Чрезвычайное
Шрифт:
– Садитесь, Анатолий Матвеевич.
– Потянуло поговорить, Петр Петрович.
– Ну и славно. Только что сидел тут у меня один, любопытная личность.
– Я-то его знаю, а вот где вы с ним познакомились?
– Пришел, сел, и познакомились... Ко мне ведь каждый вечер кто-нибудь приходит, каждый вечер с кем-нибудь знакомишься, - пояснил Ващенков.
– И по ночам нет отдыха.
– А что такое отдых? Сидеть сложа руки? Прятаться от людей? Такого отдыха я бы не выдержал. Представьте себе: принимаешь посетителей, связываешься о колхозами, звонишь, отвечаешь на звонки, вызываешь, указываешь, словом - работаешь. И вот рабочий день кончается, и вот вокруг тебя тишина и пустота. Невольно приходит в голову - ты нужен людям только потому,
– Ващенков закурил, осветив на секунду свое лицо.

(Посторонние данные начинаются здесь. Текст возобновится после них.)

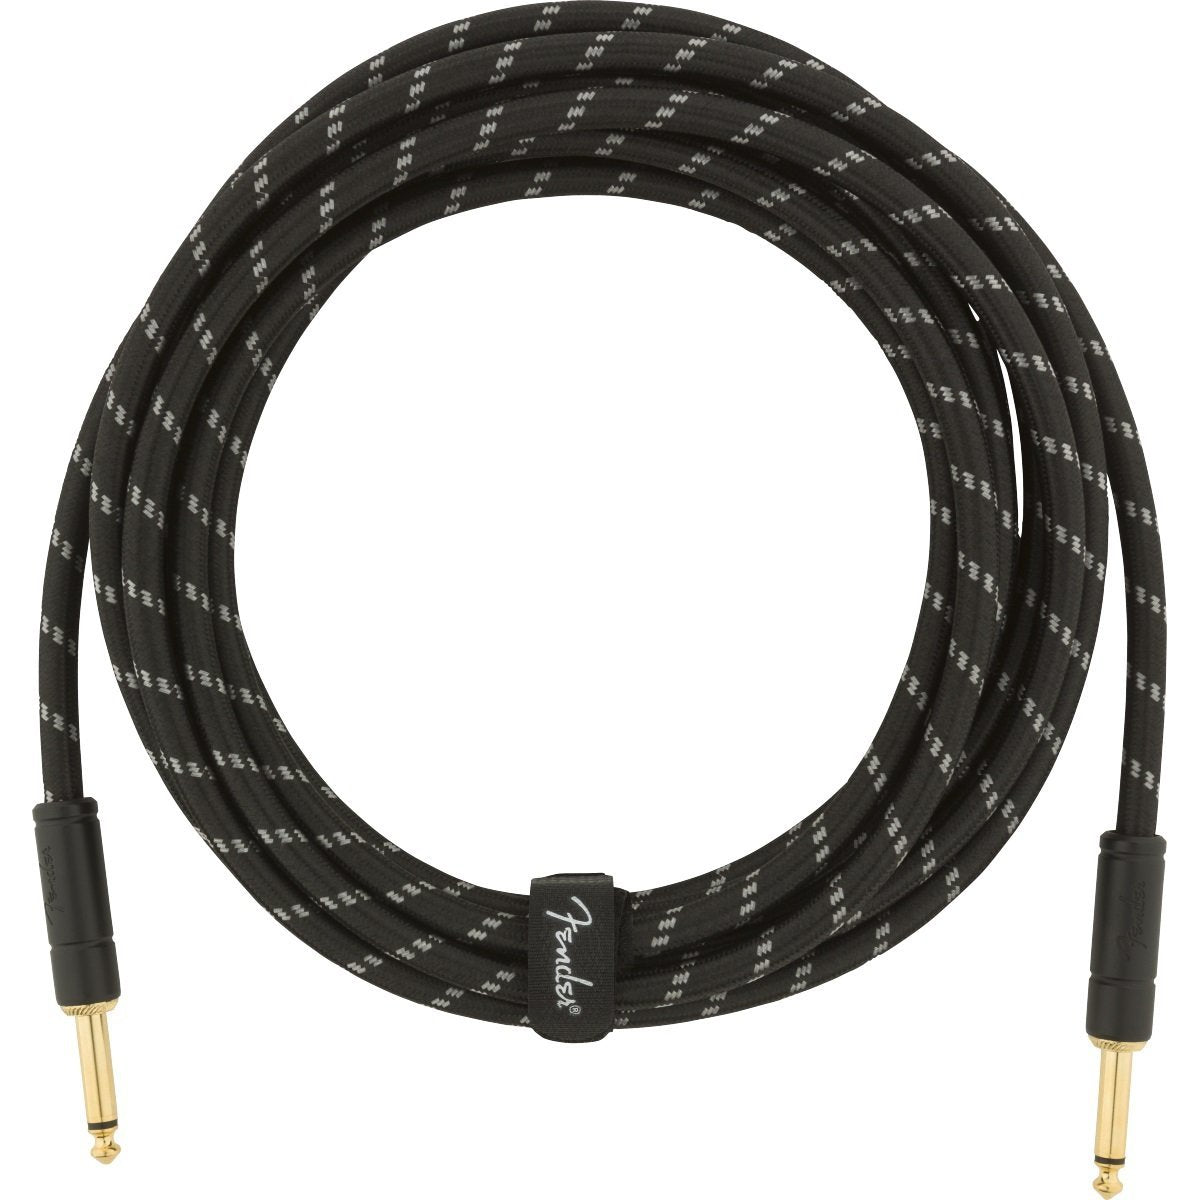 Fender Deluxe Series Instrument Cable 1/4" Male-1/4" Male 15ft-Black Tweed-Music World Academy

Оно было обычным, лишь чуть, быть может, размягченным.
– Ко мне не являются по вечерам ни Лубков, ни Коротеев, ни кто-либо из моих сотрудников, - продолжал он неторопливо.
– Нет, они тоже считают - вечер и ночь для секретаря райкома святы, он должен отдыхать. А идут те, кто боится секретарши у дверей чинного кабинета, письменного стола... Вчера была одна старушка... Троих сыновей вырастила, всех троих на фронте убило, теперь с пенсией волынят... Вчера - старушка, сегодня - этот Коротков. Вчера просили похлопотать о пенсии, сегодня - устроить на освободившееся место в Дом культуры. Вчера пришлось выслушать старушечьи причитания, сегодня мне декламировали с пафосом: "Король - и до конца ногтей король!.."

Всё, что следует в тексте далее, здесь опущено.